I say that only read errors occurred since files I wrote that seemed bad
before where actually good when read with a kernel 1.3.93 or smaller.
(They were written via NFS over my network from the 586).
---------- Forwarded message ----------
Date: Sun, 13 Oct 1996 20:59:22 -0400 (EDT)

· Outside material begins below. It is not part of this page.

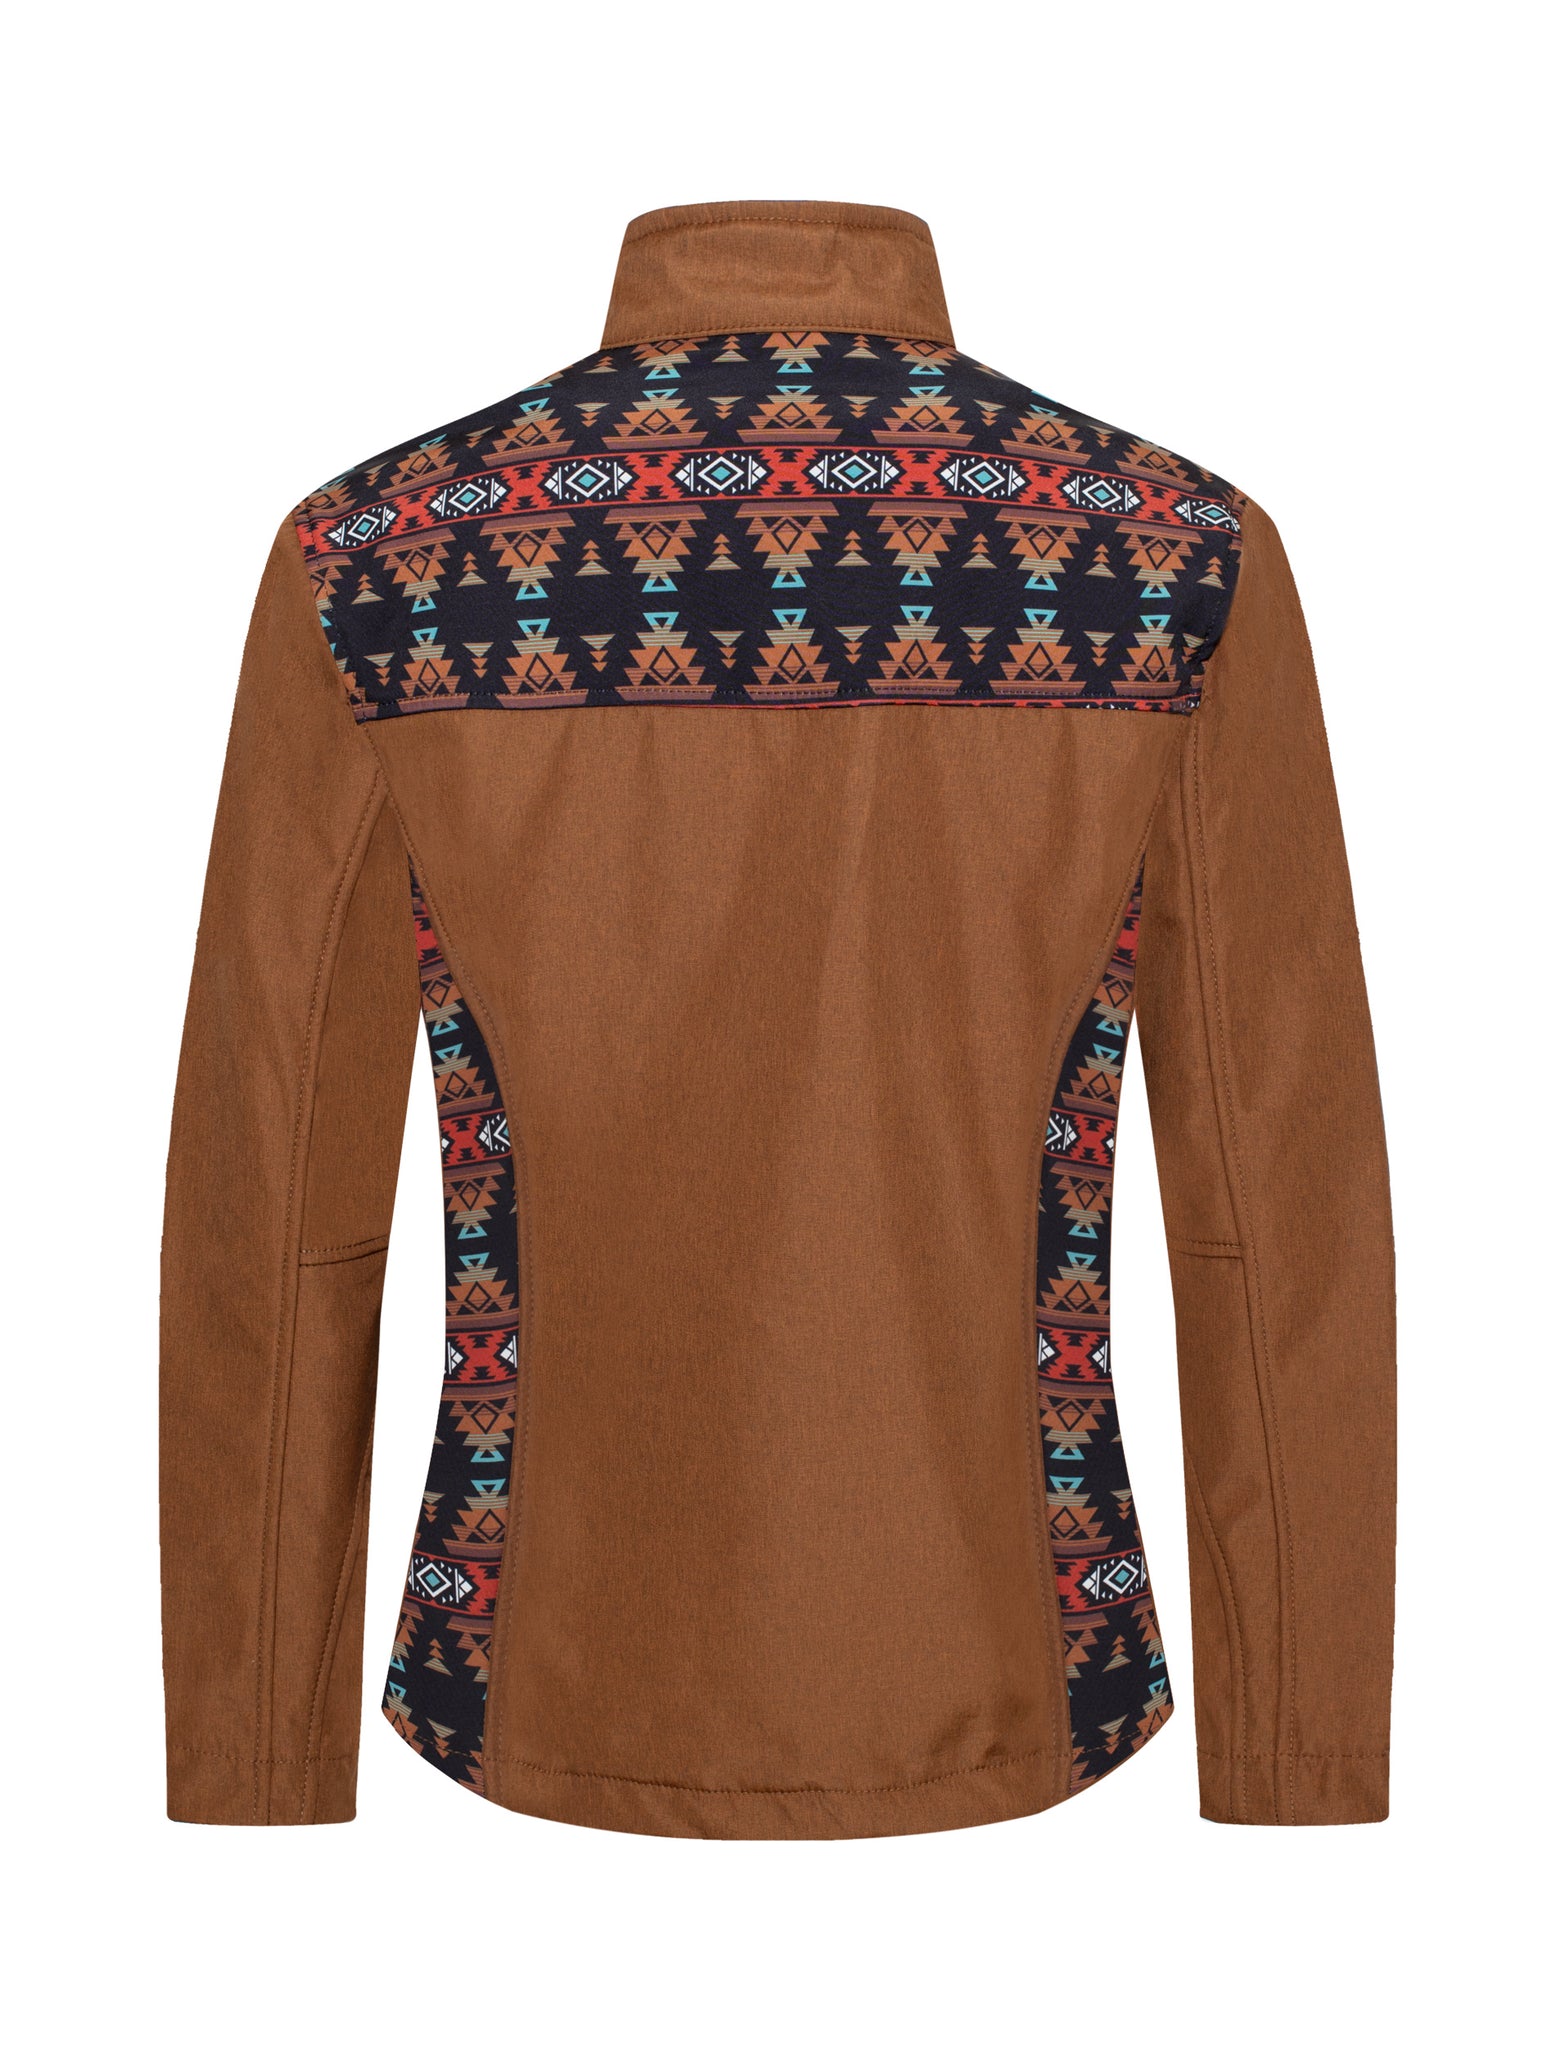 Women's Western Aztec Print Jacket -LJ650EMB-AZ-COGNAC-RUST

From: Don Parsons <dparsons@synapse.kent.edu>
To: linuxkernel <linux-kernel@vger.rutgers.edu>
Subject: 386 R/W filesys errors (but not msdos_fs)
My old PC has run Linux for 4 years, but in May 1996 time frame (first
noticed when trying to install 312E XFree86) I get bytes swapped at a few
places that are divisible by 4k, or all bytes pairs are swapped for a
12k block in larger files over half to one MB size. For instance a
hexdump diff of the 312GS3.tgz file:
--- S3 Thu Oct 10 21:18:52 1996
+++ S3-err Thu Oct 10 21:19:46 1996
@@ -63741,775 +63741,775 @@
00f8fc0 c8aa 3308 40b1 330f c521 11dc 338e 8951
00f8fd0 bcee 1334 84ce 9dde 4baf e5f3 f87c 1312
00f8fe0 b5b1 a4d0 1e40 9c13 94c7 63c2 7d22 b20a
-00f8ff0 0169 6e38 f1a6 48c5 f666 1945 ca57 a38e <= this a3 lost
-00f9000 410e 602b 587c edd0 477f e0e5 a2a5 4ac0
-00f9010 1cb9 6dfc 5a0a 9615 9783 011d 6d21 f350
.
.
.
-00fbfe0 30f3 80e7 54b0 08aa 58e1 4fa7 58d5 6fbc
-00fbff0 d616 6b78 0ef8 6f9c 9d40 42b7 a0e6 8b49
+00f8ff0 0169 6e38 f1a6 48c5 f666 1945 ca57 8e8e <= note 8e dupped on a3
+00f9000 0ea3 2b41 7c60 d058 7fed e547 a5e0 c0a2
+00f9010 b94a fc1c 0a6d 155a 8396 1d97 2101 506d
.
.
.
+00fbfd0 ce9c 5e65 8309 4f1d 0612 d939 031f 4f38
+00fbfe0 f3a7 e730 b080 aa54 e108 a758 d54f bc58
+00fbff0 166f 78d6 f86b 9c0e 406f b79d e642 49a0
00fc000 0b9d 72f9 0680 5c1c 2dad 9fc2 a4b3 f347
00fc010 fbe8 001c 2449 f2cf 7865 5be6 8c36 e243
00fc020 d1d9 bf50 d255 2522 b3d2 9c72 7f3b a3ee
@@ -78333,775 +78333,775 @@
0131fc0 1bb1 bb48 b064 5d9a 08b4 3c4d ba91 7d3a
0131fd0 92cb 85b1 e51c ed44 6822 2e32 e637 aa9f
0131fe0 c32e 3c0c caac db23 7f93 e628 95e0 8473
-0131ff0 445c dbd3 69c7 2fbb 7991 ebaa 28b1 0f9d
-0132000 323f 4199 b216 0856 0243 6660 ad0f e9a2
-0132010 949f e841 59a8 7d1f d242 1e62 f5dc 9e2c
.
.
.
-0134fd0 2190 7416 b235 21a9 5d6b aae7 9d66 0e59
-0134fe0 4c47 c266 b6d1 9382 d9c4 f9be d5c8 4ae2
-0134ff0 e3fb 1325 65a1 f8d5 c097 f2b1 0651 4b8f
+0131ff0 445c dbd3 69c7 2fbb 7991 ebaa 28b1 9d9d
+0132000 3f0f 9932 1641 56b2 4308 6002 0f66 a2ad
+0132010 9fe9 4194 a8e8 1f59 427d 62d2 dc1e 2cf5
.
.
.
+0134fd0 90e6 1621 3574 a9b2 6b21 e75d 66aa 599d
+0134fe0 470e 664c d1c2 82b6 c493 bed9 c8f9 e2d5
+0134ff0 fb4a 25e3 a113 d565 97f8 b1c0 51f2 8f06
0135000 55c3 6237 375d 45e7 38d9 81f6 5a3a 93aa
0135010 174c fd16 c3cb b3ed 102a bad4 1aa2 a380
0135020 575c 0e84 5249 d94e 70e7 5b19 2f26 ddb3
.
.
.
....no more errs to end of file (312GS3.tgz)...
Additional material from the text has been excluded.